In places like Angola and Haiti it has taken on an intensely political form. There, lighter skinned people have privileged access to some forms of political and material power. To help overcome colourism, in 2009, Women of Worth launched Dark is Beautiful – “an awareness campaign that seeks to draw attention to the unjust effects of skin colour bias and also celebrates the beauty and diversity of all skin tones". The ongoing campaign challenges the belief that the value and beauty of people (in India and worldwide), is determined by the fairness of their skin. This belief, shaped by societal attitudes and reinforced by media messages, is corroding the self-worth of countless people, young and old.
Image source: @disbcampaign Instagram account. Cartoon by @sheikhimaan
Colourism is evident across the globe from Thailand to Sri Lanka, India, Pakistan, South Africa, England and the United States.
Dance like no one is watching
Lastly, meet Christelle Dreyer. Born and based in South African, Christelle was born with osteogenesis imperfecta, a condition that causes bones to be brittle and sometimes limits growth. Christelle is an ccomplished dancer, actress and graphic designer who doesn’t allow her disability to prevent her from living life to the full. Wheelchair dancing is her passion and she’s a former world champion in ballroom and Latin dance.
Image source: @christelledance Instagram account
Wheelchair dancing is her passion and she’s a former world champion in ballroom and Latin dance.

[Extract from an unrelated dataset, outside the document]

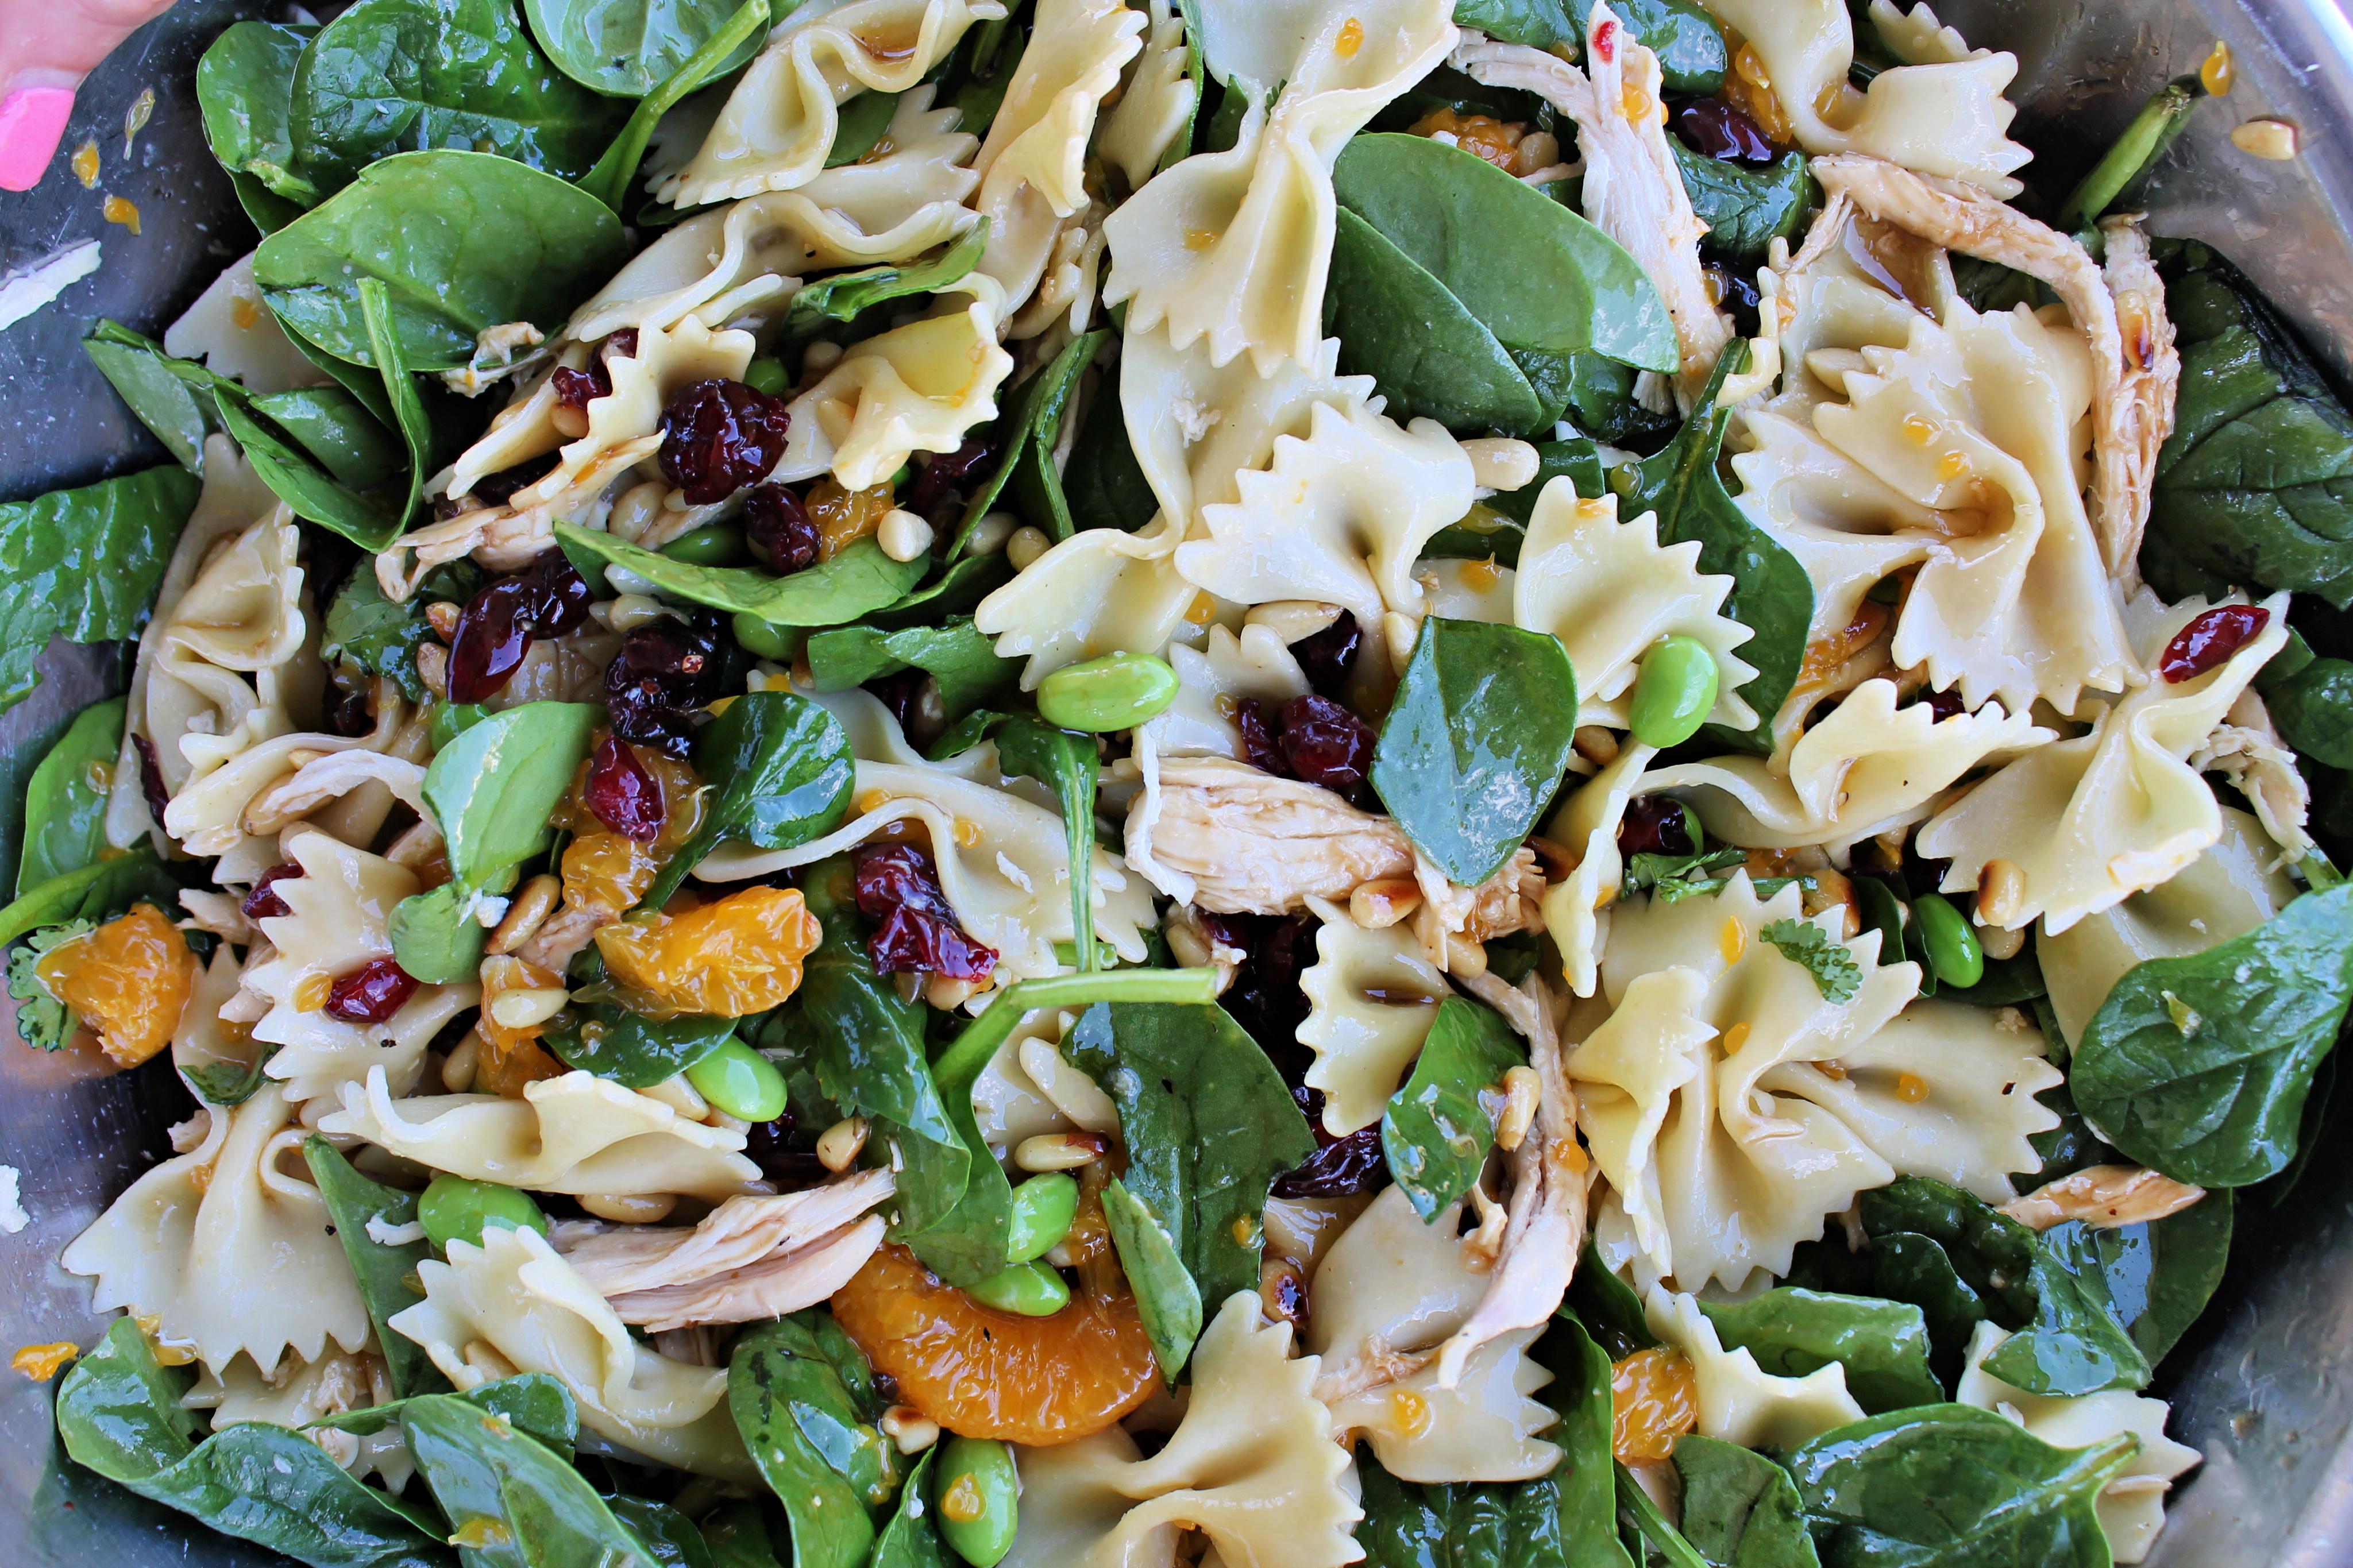 The BEST Oriental Pasta Salad Recipe!

Although I’ve only discussed a few women and movements that are promoting body positivity on SNS, it is encouraging to see the variety of representation that is taking place. However, there is still more to be done. When conducting my research, I struggled to find accounts run by or dedicated to women in the Global South, black and/or brown women, and women with disabilities. To all the women in the Global South who are reclaiming social media to promote body positivity, I salute you for helping break the cycle of girls and women not loving their bodies the way they are!